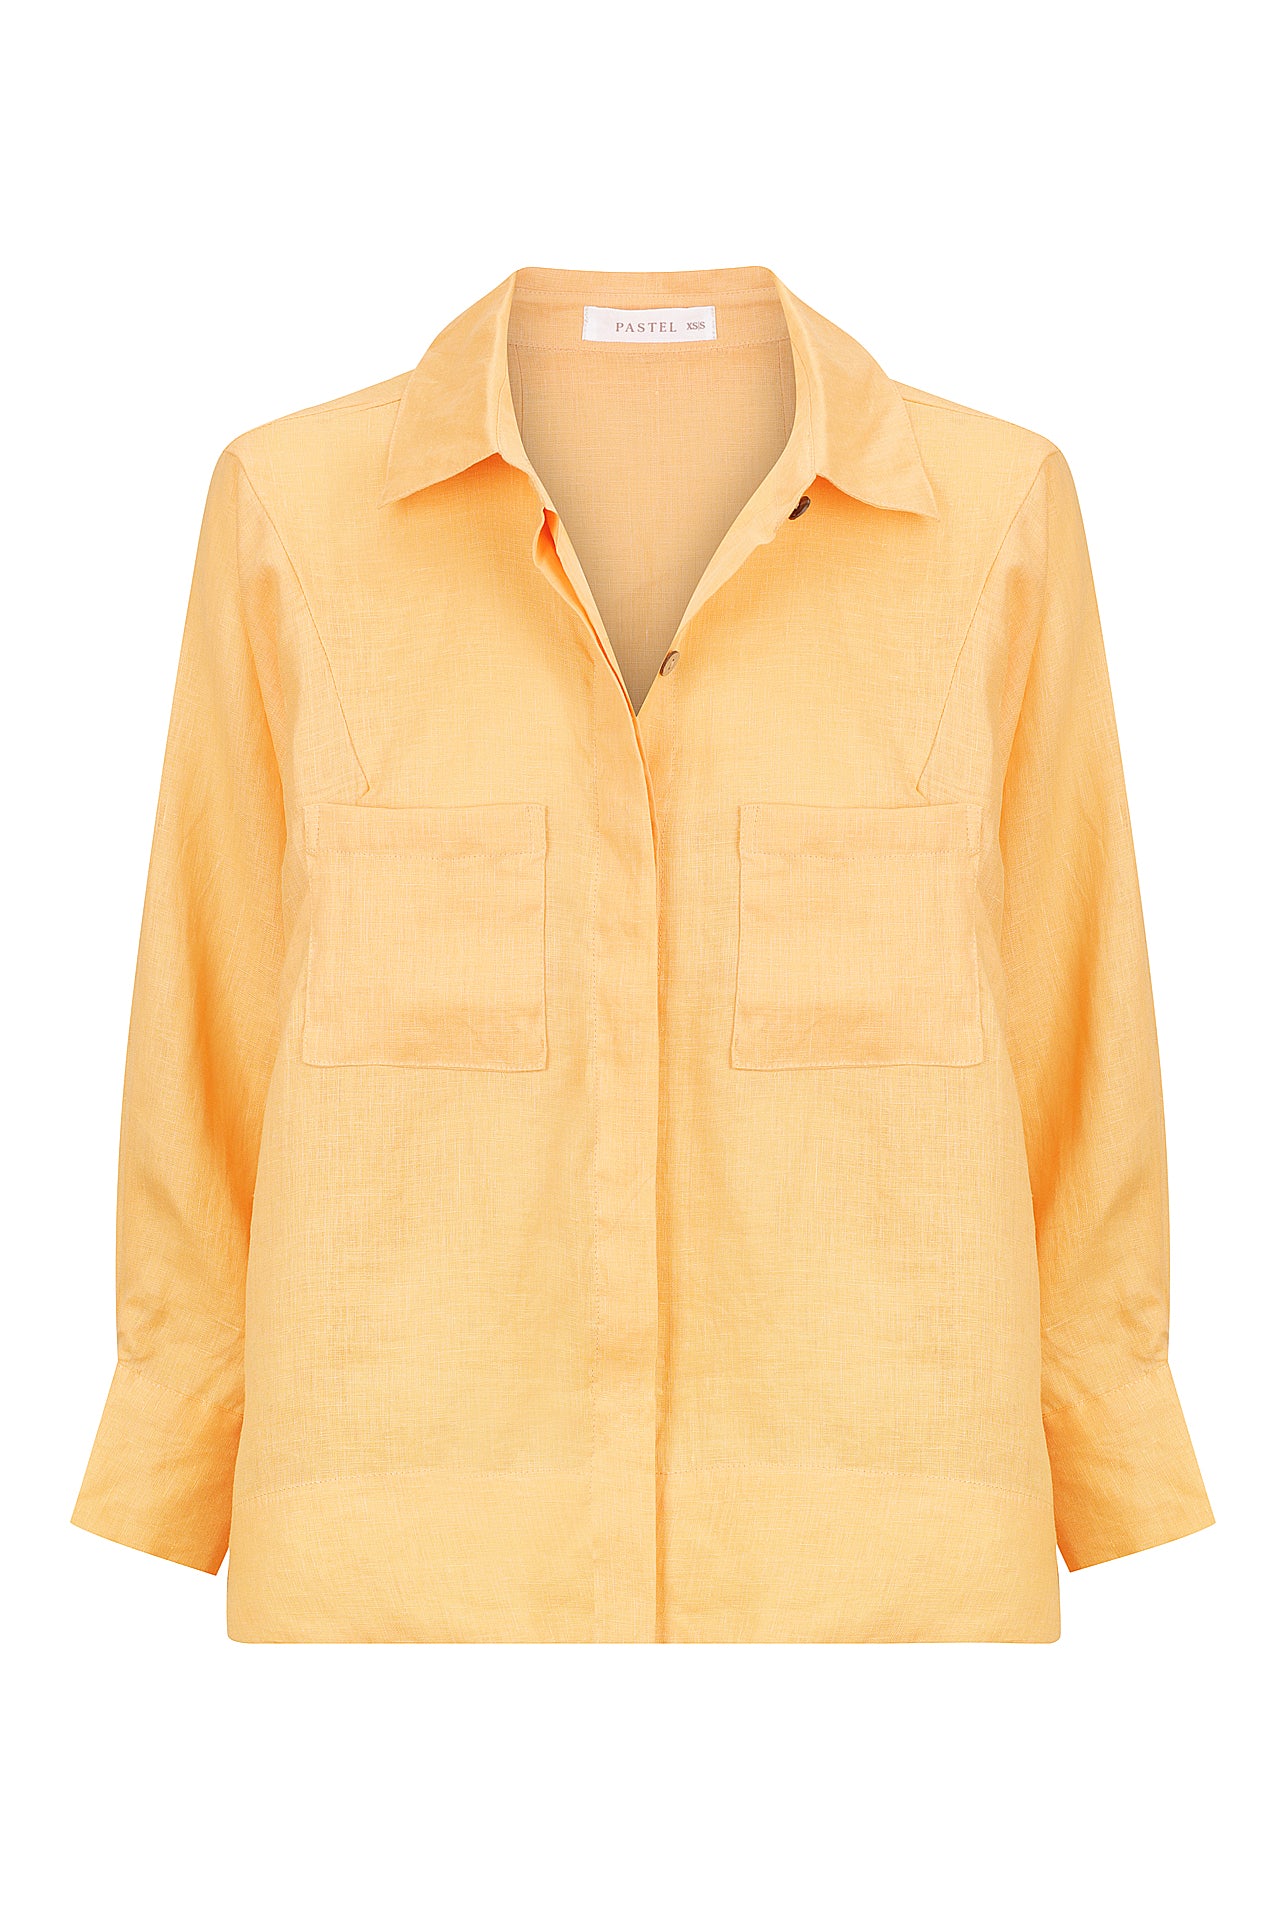 Solana 3/4 Sleeve Button Up Shirt - Melon
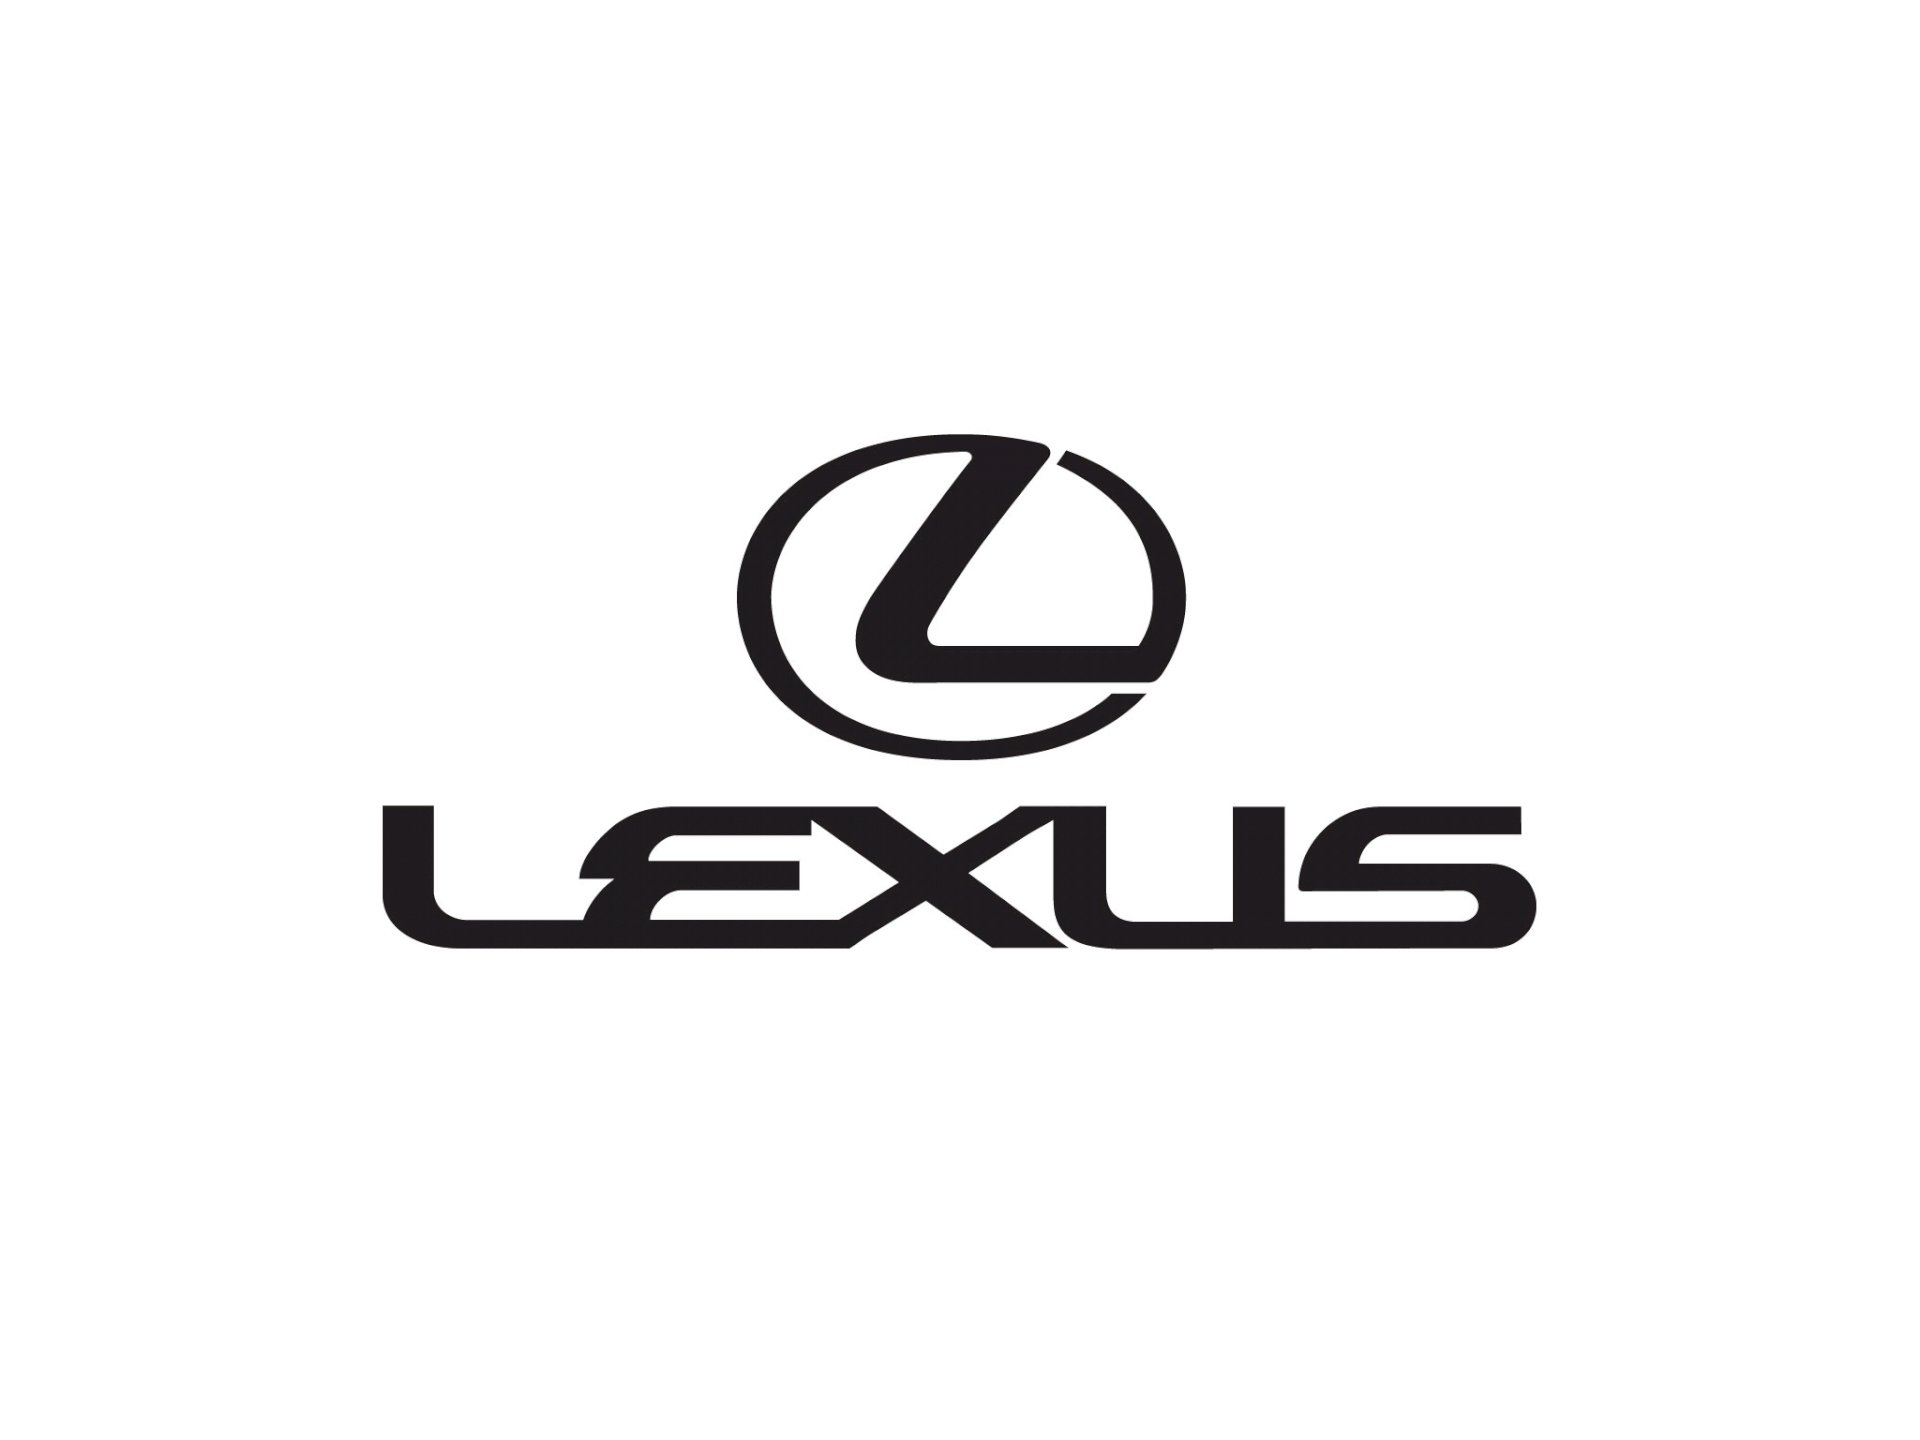 Tải logo Lexus PNG, vector file AI, CDR, EPS, SVG, PDF miễn phí
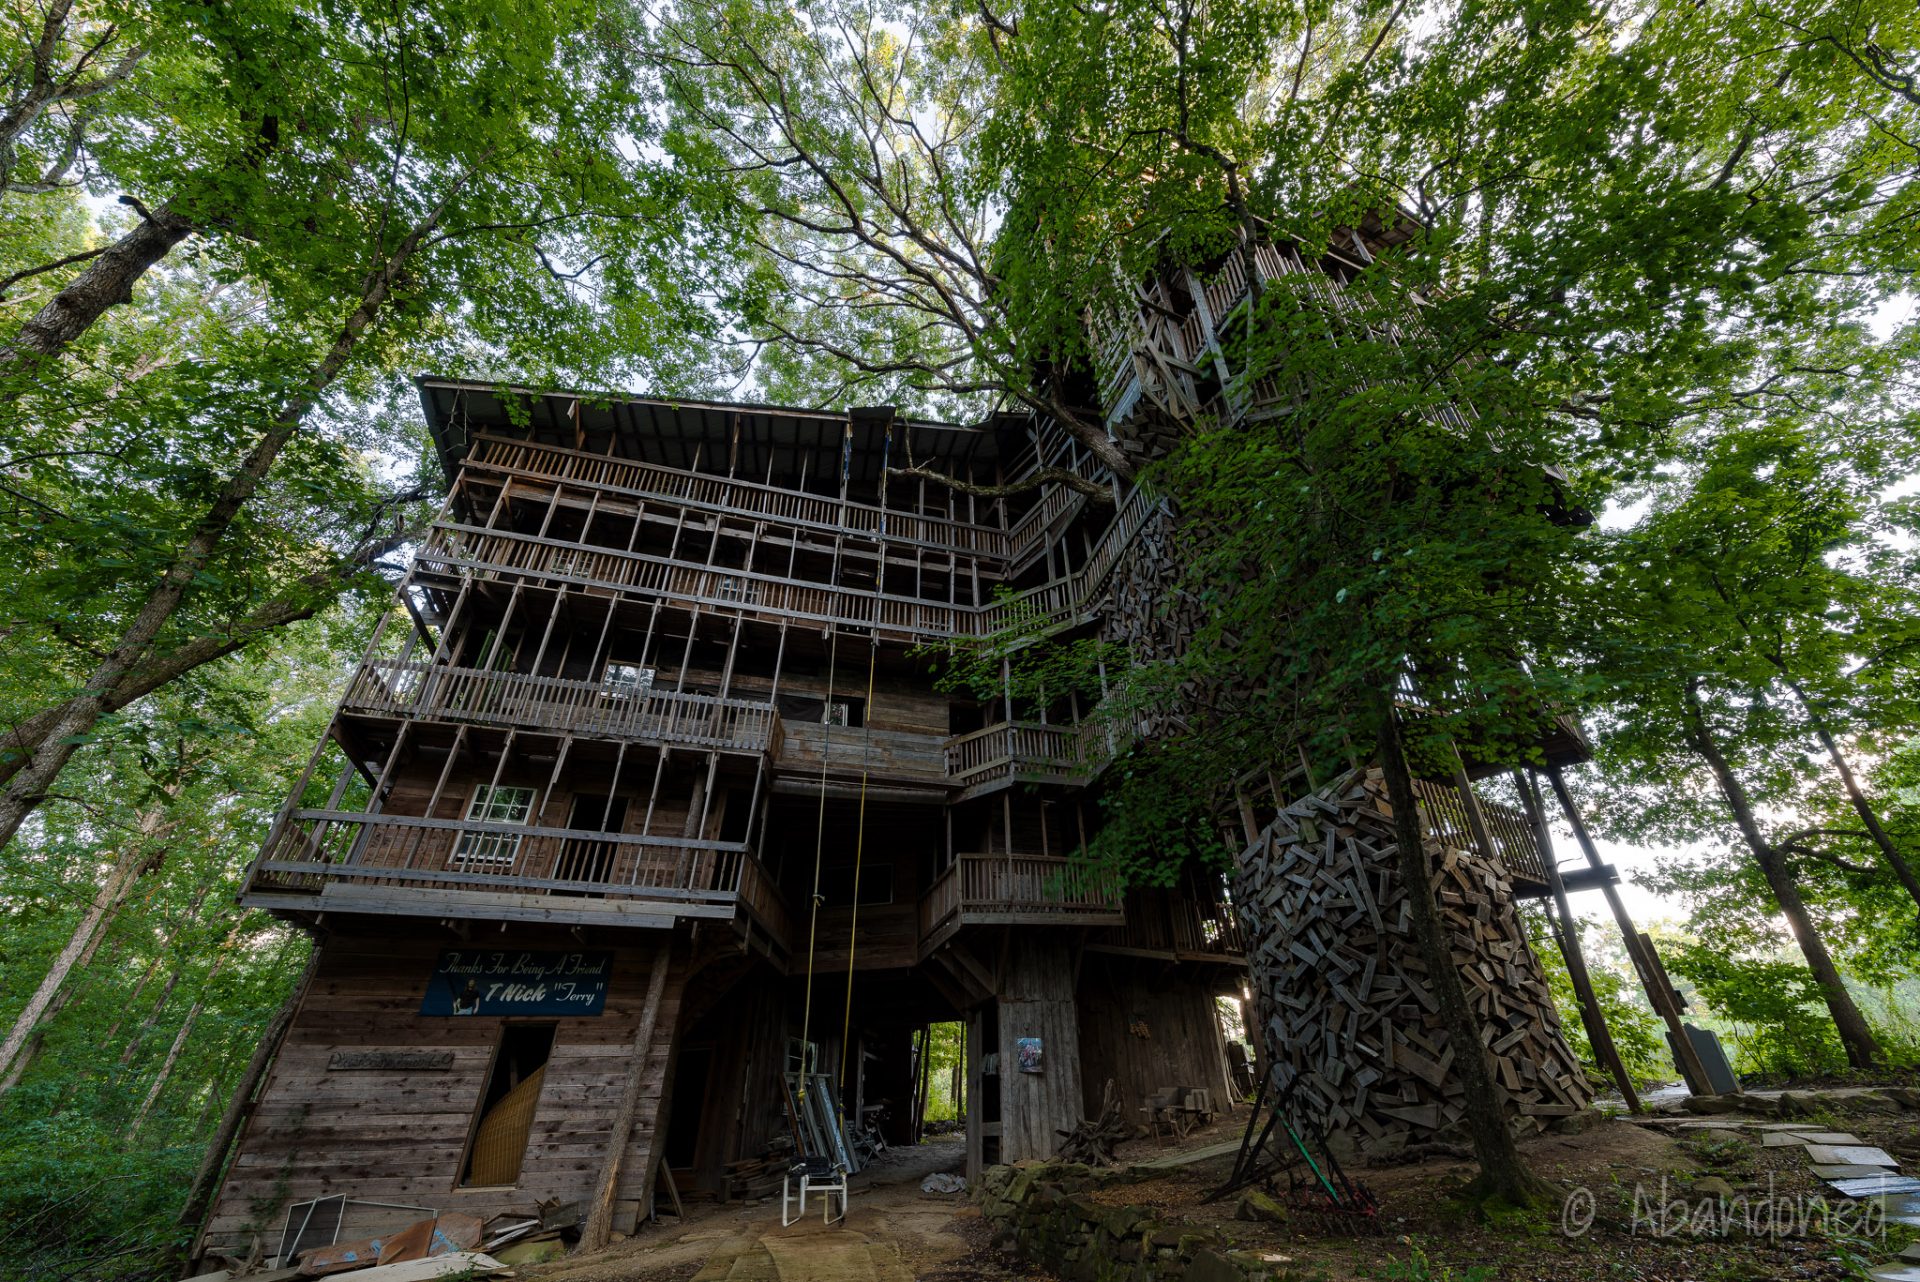 Horace Burgess's Treehouse
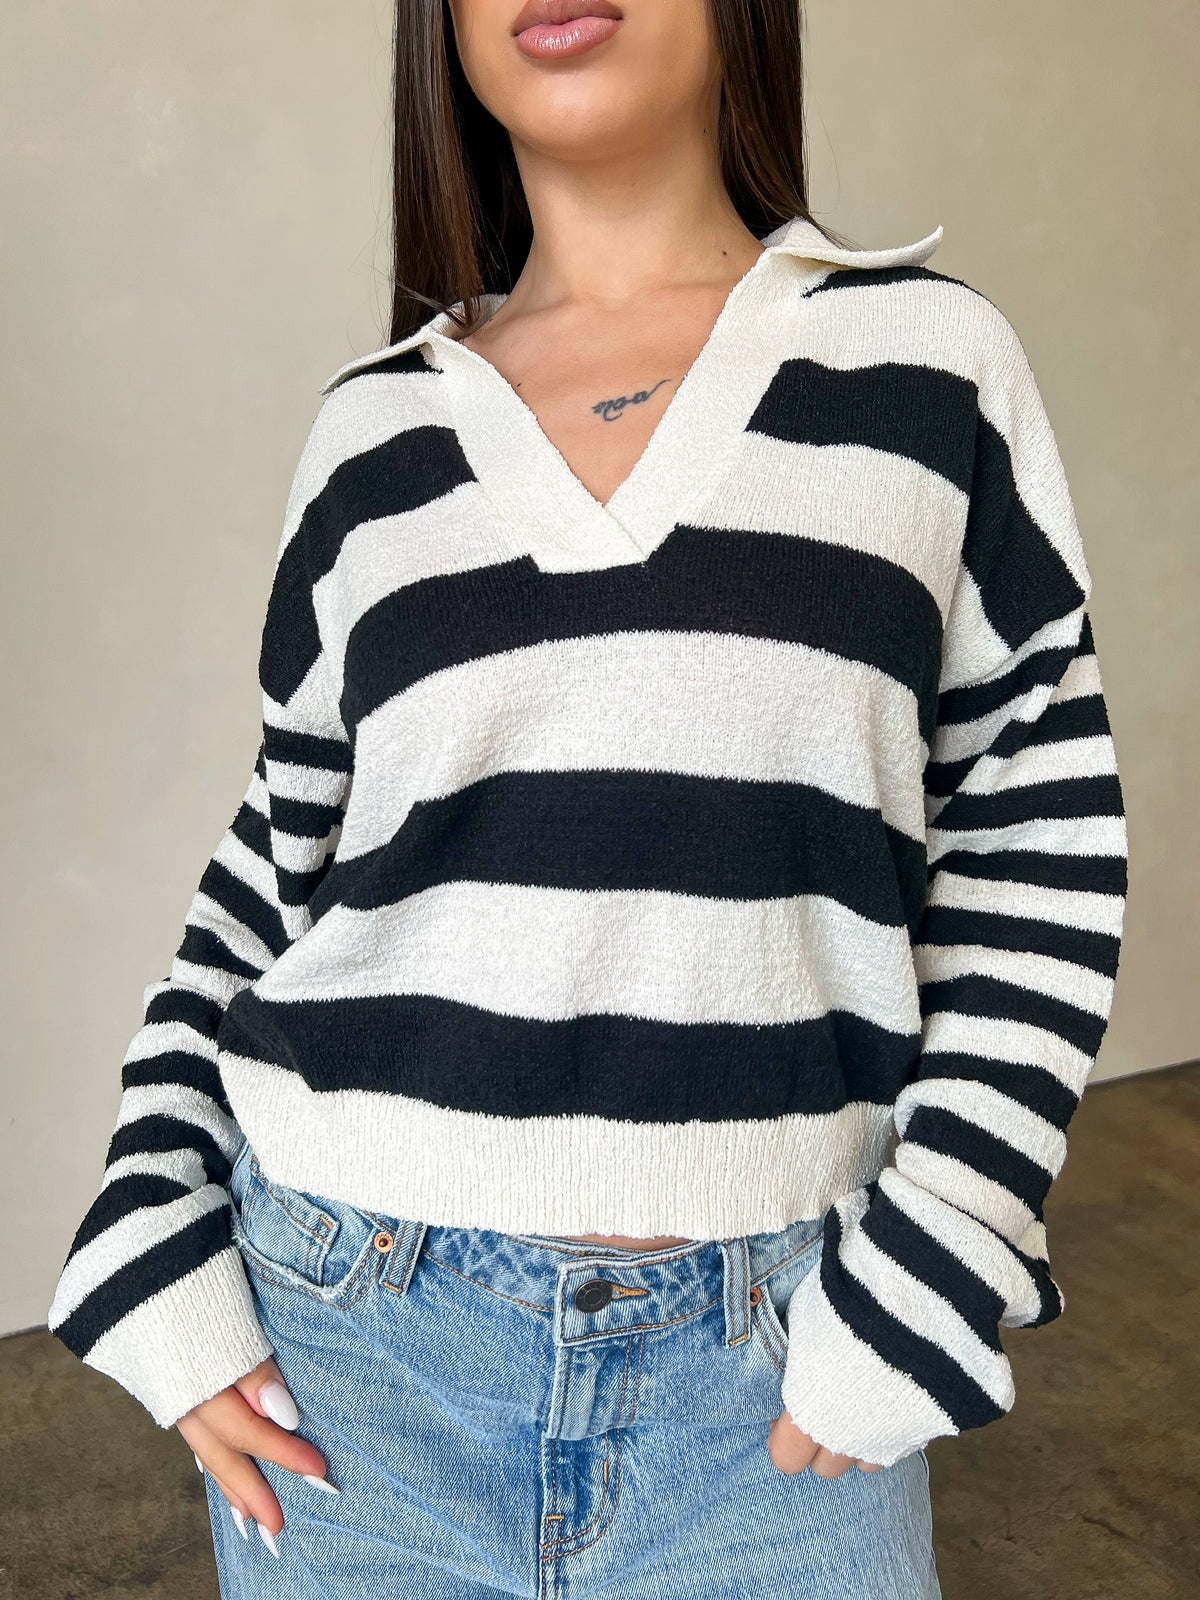 Celina Stripped Sweater (Black/Cream)

* * *

[ABOUT THIS EXERCISE]
Keeping pictures out, repeat exactly the lines from the one containing "Horace Burgess's Treehouse" through the end of the listing.

[YOUR RESPONSE]
 Horace Burgess's Treehouse
 Celina Stripped Sweater (Black/Cream)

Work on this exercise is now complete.